Delta Lloyd heeft een verweerschrift ingediend.
Het onderzoek ter zitting heeft plaatsgevonden op 4 april 2007. Appellanten zijn, met voorafgaand bericht, niet verschenen. Delta Lloyd heeft zich laten vertegenwoordigen door mr. E. van der Marel, werkzaam bij Delta Lloyd.
II. OVERWEGINGEN
De Raad gaat uit van de volgende feiten en omstandigheden.

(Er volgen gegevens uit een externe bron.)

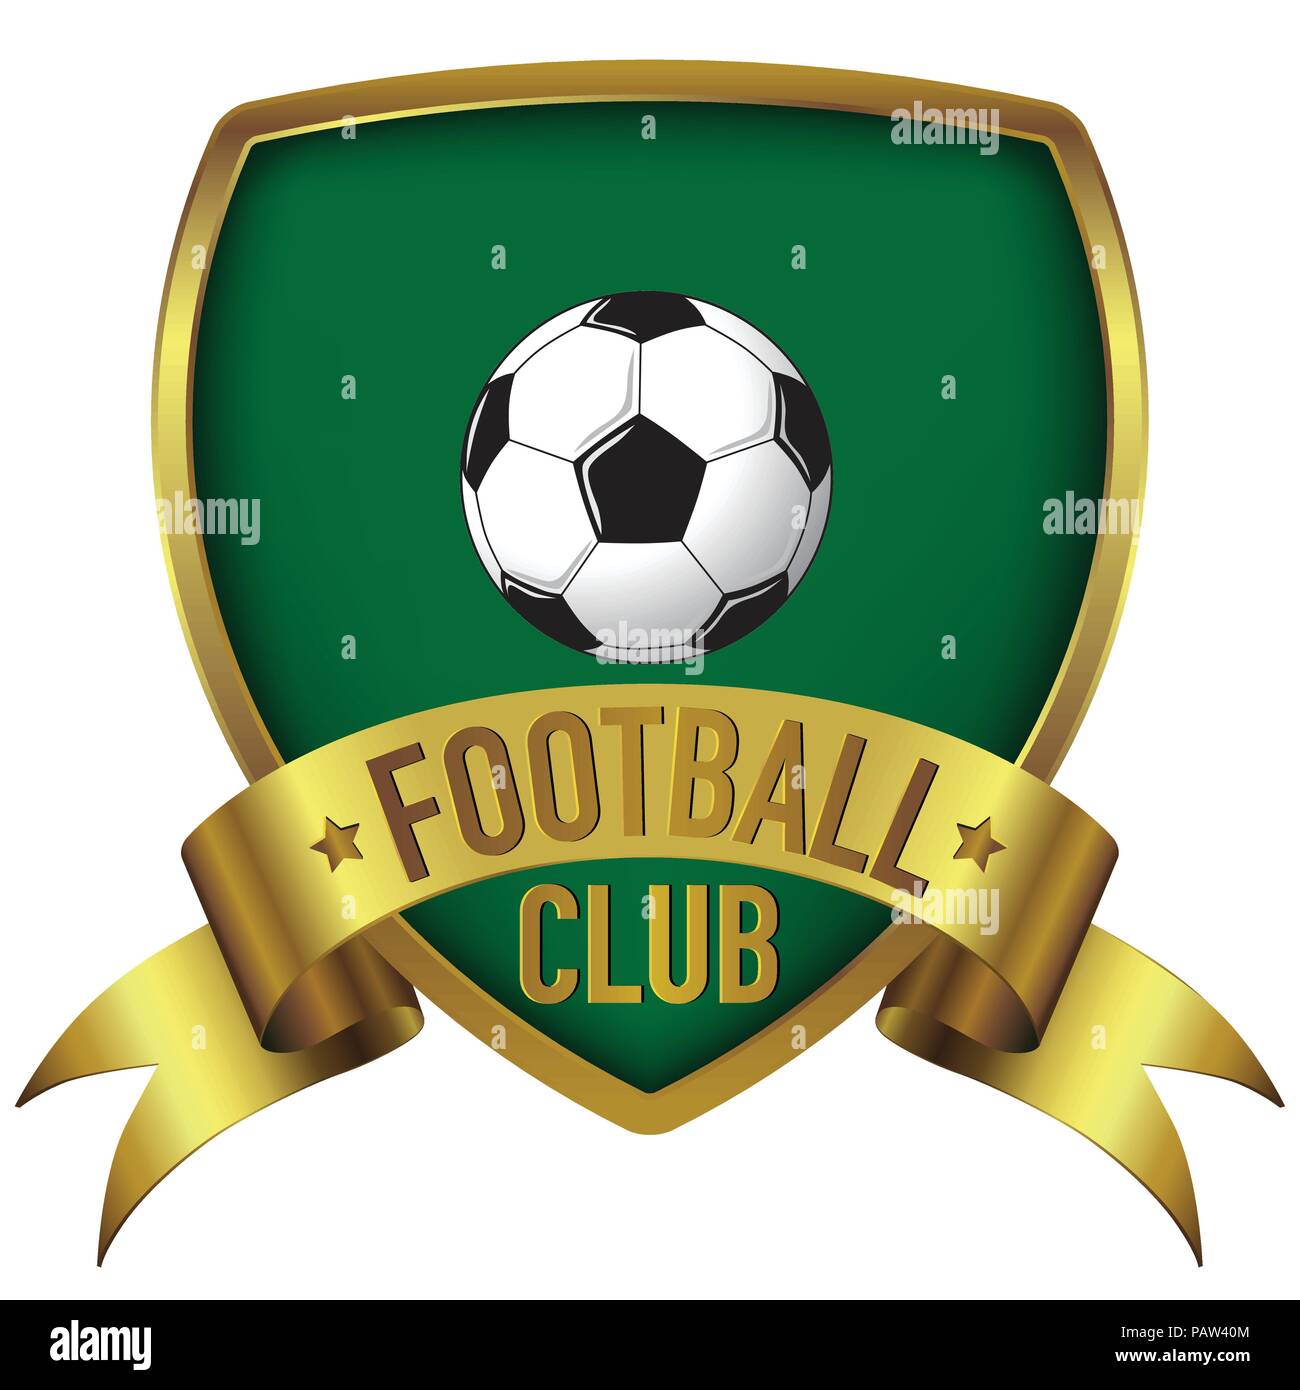 Football Club logo design in sfondo verde con cornice dorata e il nastro di inchiostro Illustrazione Vettoriale

[Betrokkene] verbleef van 25 april 1998 tot haar overlijden op
19 februari 2003 in het verpleeghuis [verpleeghuis]. Bij besluit van
6 augustus 1998 van het Zorgkantoor Friesland (hierna: Zorgkantoor) is de eigen bijdrage op grond van het bepaalde bij en krachtens de Algemene Wet Bijzondere Ziektekosten voor dit verblijf vastgesteld op ƒ 865,-- per maand. Bij onderscheiden besluiten van
22 november 2000 is de eigen bijdrage met ingang van 1 februari 1999 herzien en vastgesteld op ƒ 1.006,89, met ingang van 1 juli 1999 op ƒ 984,39 en met ingang van
1 juli 2000 op ƒ 1.026,06. Bij besluit van 30 november 2000 heeft de Sociale Verzekeringsbank bepaald dat de eigen bijdrage ten bedrage van ƒ 1.026,06 met ingang van 1 december op het ouderdoms-pensioen van [Betrokkene] zal worden ingehouden.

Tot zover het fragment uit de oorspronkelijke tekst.